A good example would be e.g. telemetry data coming from independent sensors.
If you cannot do that, the second option is to set an arbitrary number of partitions (you can always re-partition the topic later on) and distribute the commands uniformly in a round-robin way. Naturally you cannot guarantee at this point that the consumers subscribing to these topic partition lists will receive them in the same order as they were sent, which may or may not be a problem, depending on the domain you are working with.
You might be tempted to use the timestamps that are included with the Kafka messages, either as part of the schema or in the meta-data and sort the commands in-memory. Don’t do this :)

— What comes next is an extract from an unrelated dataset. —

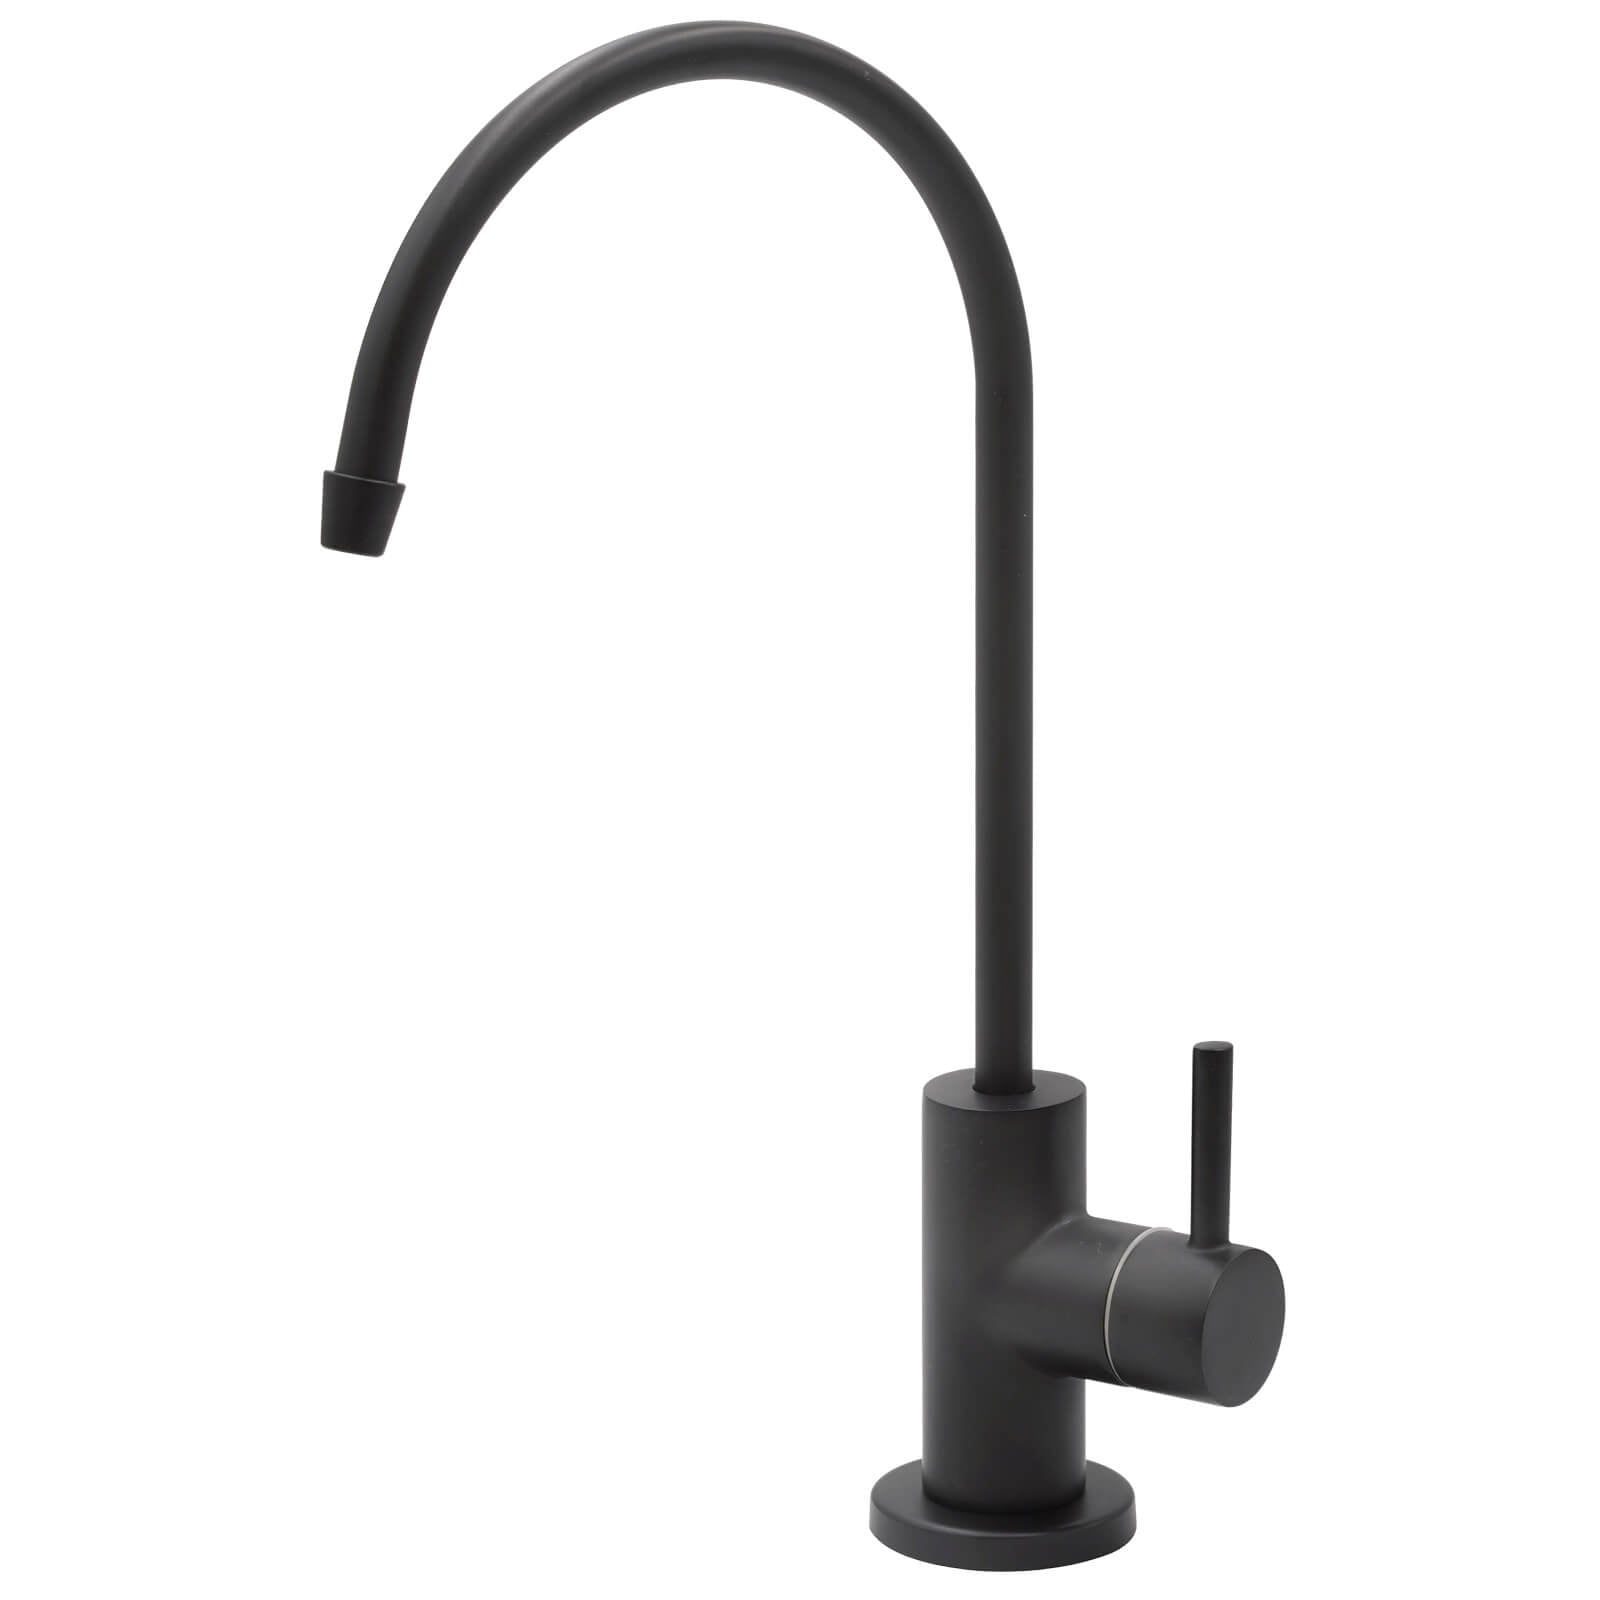 Slake Modern-Styled Water Filter Faucet

(…) in a stream process, timestamps are not enough: if you get an event with a certain timestamp, you don’t know whether you still need to wait for some previous event with a lower timestamp, or if all previous events have arrived and you’re ready to process the event. – Martin Kleppmann
What options does it leave you with? Well, you can simply ignore relations in your data, and store it “as-is”, or rather “as-arrives”. If we are talking about using relational database as a storage, this would be akin to not using foreign keys.
Naturally, that would mean that you do not care, or that you only care eventually about the relational consistency of your data.
Consider a social network example - can you afford to process a UserMessageSend commands before UserAccountCreate?
What if your processor rejects or throws when processing the latter but not the former?
You end up with a corrupted view of your data, but perhaps it is not a deal-breaker, and the fact that you can replay the history at will is enough of a pro that the cons do not deter you.
To sum up, if your domain calls for a relational consistency of the data, or you cannot afford it to be eventually consistent than this pattern might not be a good fit for your domain.